= Crescent School, Rugby =

School in Rugby, Warwickshire, England

Crescent School is a Private preparatory coeducational day School for pupils aged 3 – 11. It is in the Bilton area of Rugby, Warwickshire, England. It was informally started in 1946, and founded in 1948 as a school for the children of Rugby School masters. It was housed in Rugby School buildings. Having opened its doors to children living in Rugby and the surrounding district, it outgrew its premises and, in 1988, purchased a purpose-built school in Bilton, a residential suburb approximately 2 miles south of Rugby town centre.

There are 167 pupils, including children aged 3–4 in the Pathfinders nursery school.
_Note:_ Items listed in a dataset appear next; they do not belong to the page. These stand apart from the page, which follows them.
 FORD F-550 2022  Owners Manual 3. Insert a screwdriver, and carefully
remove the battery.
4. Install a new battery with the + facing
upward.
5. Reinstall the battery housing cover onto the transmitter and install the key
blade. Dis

Since 2017, the school has been a part of the Princethorpe Foundation, alongside secondary school Princethorpe College, primary school Crackley Hall and nursery Little Crackers. The headmaster is Joe Thackway. The school is a member of Independent Association of Preparatory Schools and the school is a member of the Independent Schools Council, having undergone Independent Schools Inspectorate and Ofsted inspections.

In 2025 the school was given an eco-school award following projects undertaken by the pupils. The school has been supporting a twin school in Bwengu in northern Malawi since 2007 which is the site of a new solar farm.